We now have an entire ecosystem, layers of unneeded engineering, cohorts of talent and capital going to create man in the middle servers that forces us to get this array from around the world + maintain a server with several gb of deps to get a json array that you should't trust.
2) It makes sense if every server has a tools.txt equivalent of their own swagger. Eg i would trust google photos to maintain and document their tools rather than the 10,000 MCP servers possibly alive for no reason and already out of date by the time you are done reading this comment. In addition to being over engineered, to trust a random server as a proxy never made any sense.
3) nobody wants to run servers. Can't find this meme, but found it here on HN several times.

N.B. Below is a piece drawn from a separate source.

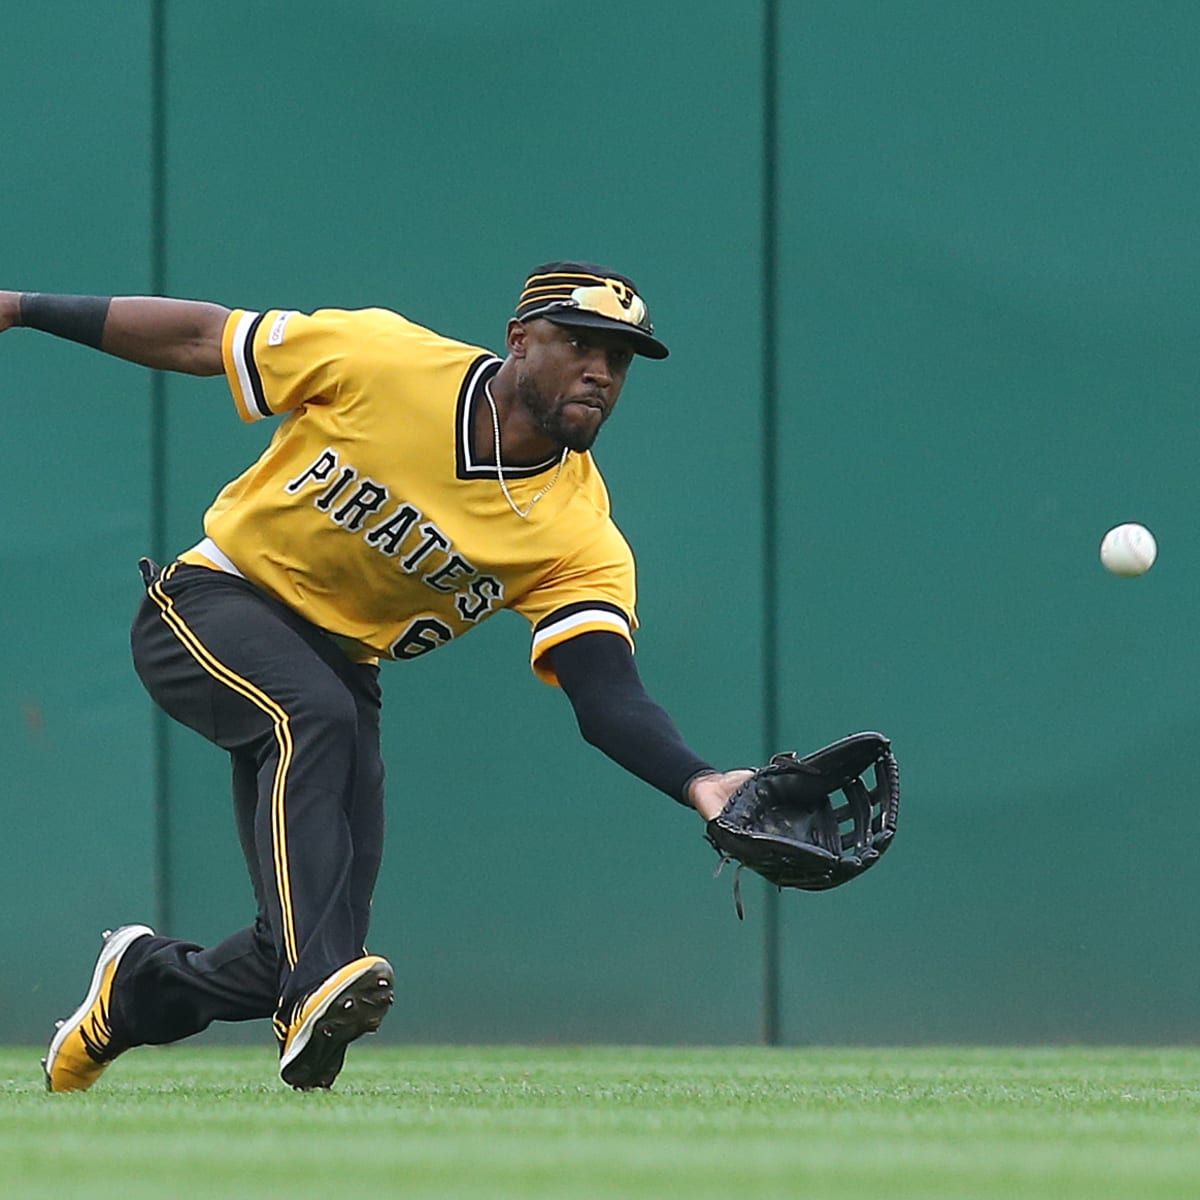 Texas Rangers Have Reportedly Contacted Pirates on Starling Marte

Sorry but I would rather not wait a year for this industry to crash and burn and take down genai apps galore or worse, start leaking this data and your bills.
Kudos to document any security gaps though.
New! Snakeoil now AI enhanced
Looking promising, need to scan my servers :) Just added your tool to https://github.com/Puliczek/awesome-mcp-security
You install a service that gives access to a random language generator, then you try to secure it with a project that is literally a few hours old. This is like tripping over your own slippers.
Can you also secure my ~/.ssh/id_rsa2 and ~/.ssh/id_rsa_github and ~/.ssh/id_rsa_foo?
[dead]
People have been struggling with securing against SQL injection attacks for decades, and SQL has explicit rules for quoting values. I don't have a lot of faith in finding a solution that safely includes user input into a prompt, but I would love to be proven wrong.